In the research developed by Daniel et al., the proposed design of the new Unet is building a new dataset, namely Mitral Regurgitation, consisting of:

Designing a CNN model for segmentation of Mitral Regurgitation heart valve disease with high Accuracy
Developed CNN-based U-Net3 architecture for segmentation of Mitral Valve disease and normal valve condition
Validating U-Net3 model with six other architectures using pixel accuracy, intersection over union, mean accuracy, precision, recall, and dice coefficient

Section 2 of this paper consists of patients with mitral regurgitation disease and normal patients. The focus of this paper is to make a segmentation from proposed datasets using labeled images. In Table 1 we describe details amount of filtered frame from each video.

In Table 2 we describe the details amount of data for training and testing, and unseen data.

In Table 3, we also describe parameters for the various CNN Architecture.

In Table 4 we describe details of the architecture of U-Net.

The performance assessment was conducted on pixel accuracy, intersection over union, and dice coefficient values and also compared the proposed architecture, U-Net3, with six other architectures, namely SegNet, Resnet, U-Net, U-Net2, and V-Net, which can be seen in Table 5.

In Table 6 showing performance measurement with unseen data. From the results of this study, it can be concluded that the U-Net3 architecture has a fairly effective and best performance among other comparison architectures.

2. Materials and Methods

The Mitral Regurgitation Valve Segmentation process begins with the collection of a dataset of mitral regurgitation valve disease and normal heart valves, where the data collected are in the form of color Doppler echocardiogram videos obtained from patients suspected of having heart valve abnormalities. Furthermore, from the videos, data preparation is carried out by breaking the videos into a collection of images. The annotation process is carried out on each image to produce a ground truth. After all the images are annotated, the segmentation and prediction process is carried out.

2.1. Data Acquisition

In this research, a private dataset was built. The dataset was built by taking video echocardiography recording data consisting of mitral valve heart disease, regurgitation, and normal hearts, in the form of a four-chamber display in video format in the form of *.avi. Video data retrieval was taken from the Mohammad Hoesin Hospital in Palembang for the period of December 2019 to December 2021 using Transthoracic Echocardiogram (TTE) [2].
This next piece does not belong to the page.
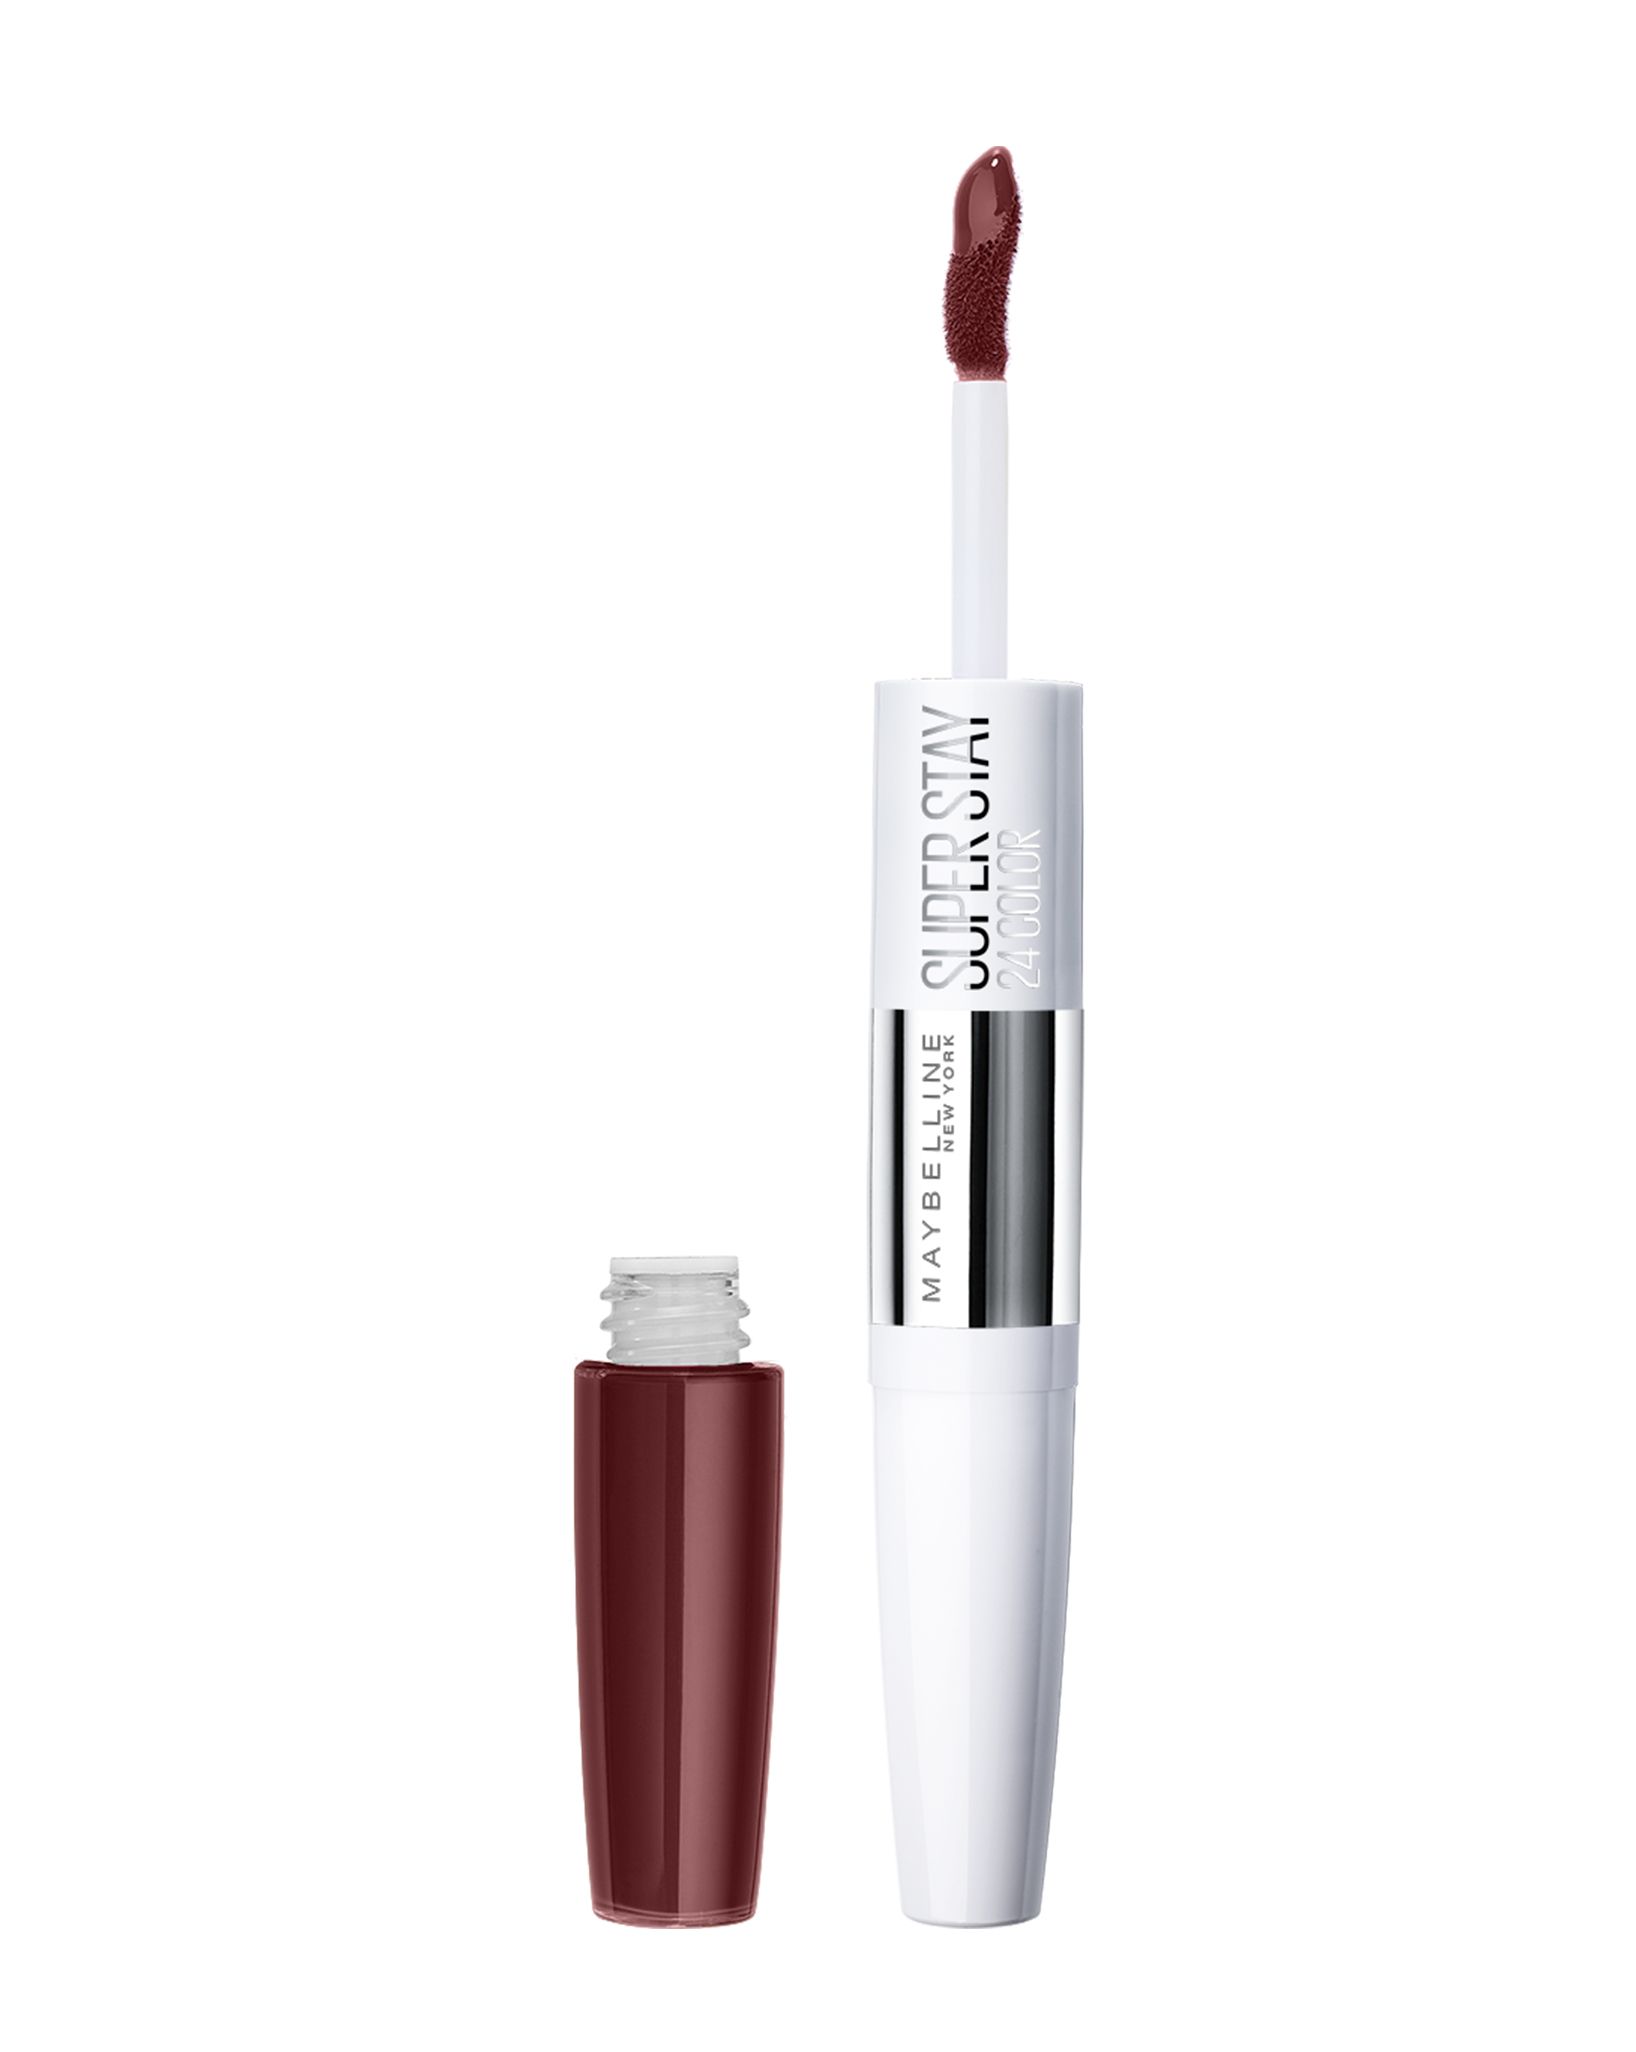 Labios Superstay 24H 760 MAYBELLINE, pack 1 unid.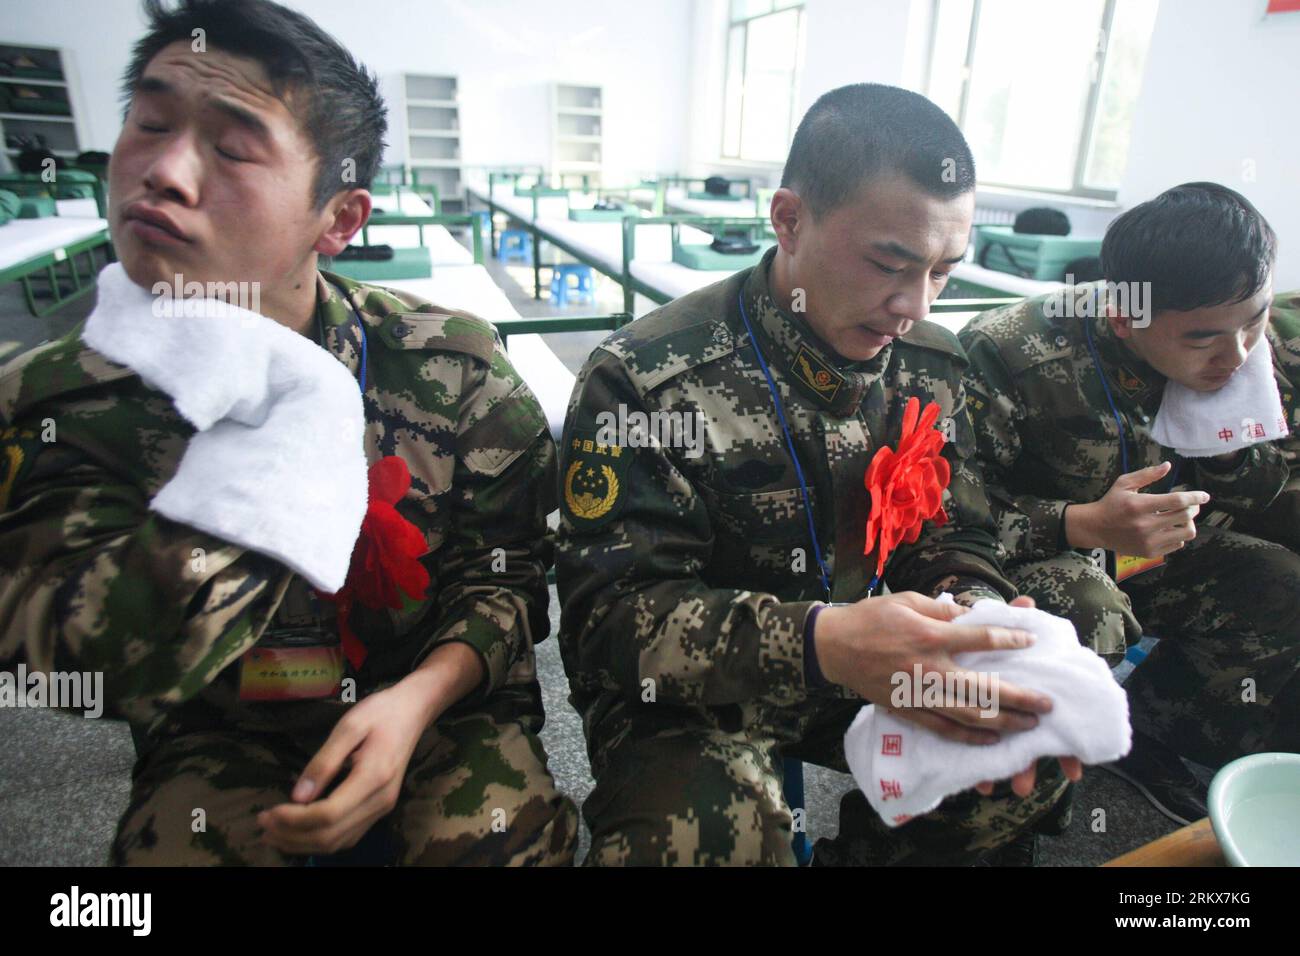 Bildnummer: 58910613  Datum: 12.12.2012  Copyright: imago/Xinhua (121212) -- HOHHOT, Dec. 12, 2012 (Xinhua) -- Newly recruited para-military policemen wash their faces upon their arrival at their barrack in Hohhot, north China s Inner Mongolia Autonomous Region, Dec. 12, 2012. Newly recruited soldiers of People s Liberation Army (PLA) and para-military policemen joined their units around the country recently. (Xinhua/Zhang Fan) (zn) CHINA-HOHHOT-MILITARY-NEW RECUITS (CN) PUBLICATIONxNOTxINxCHN Gesellschaft Militär Rekruten Einberufung x0x xac 2012 quer      58910613 Date 12 12 2012 Copyright I Stock Photo

The data collected consisted of 42 patients and 923 images. We only used images of good quality and also frames that showed all parts of the heart. All 21 patients had mitral valve leakage, which resulted in 454 images, and 21 patients had normal hearts, which resulted in 469 images. The total number of frames obtained for the training and testing data used was 777 images. Of the 621 images for training and 156 for testing, they were divided into 37 patients for training and testing, and 6 patients for unseen data. the new data from 6 different patients outside of training and testing produced 146 images. Four patients had mitral valve leakage, which resulted in 90 images, and two patients had normal hearts, which resulted in 56 images.

2.2. Data Pre-Processing

Data preprocessing is a series of steps in the data filtering process. The preprocessing process is shown in Figure 1.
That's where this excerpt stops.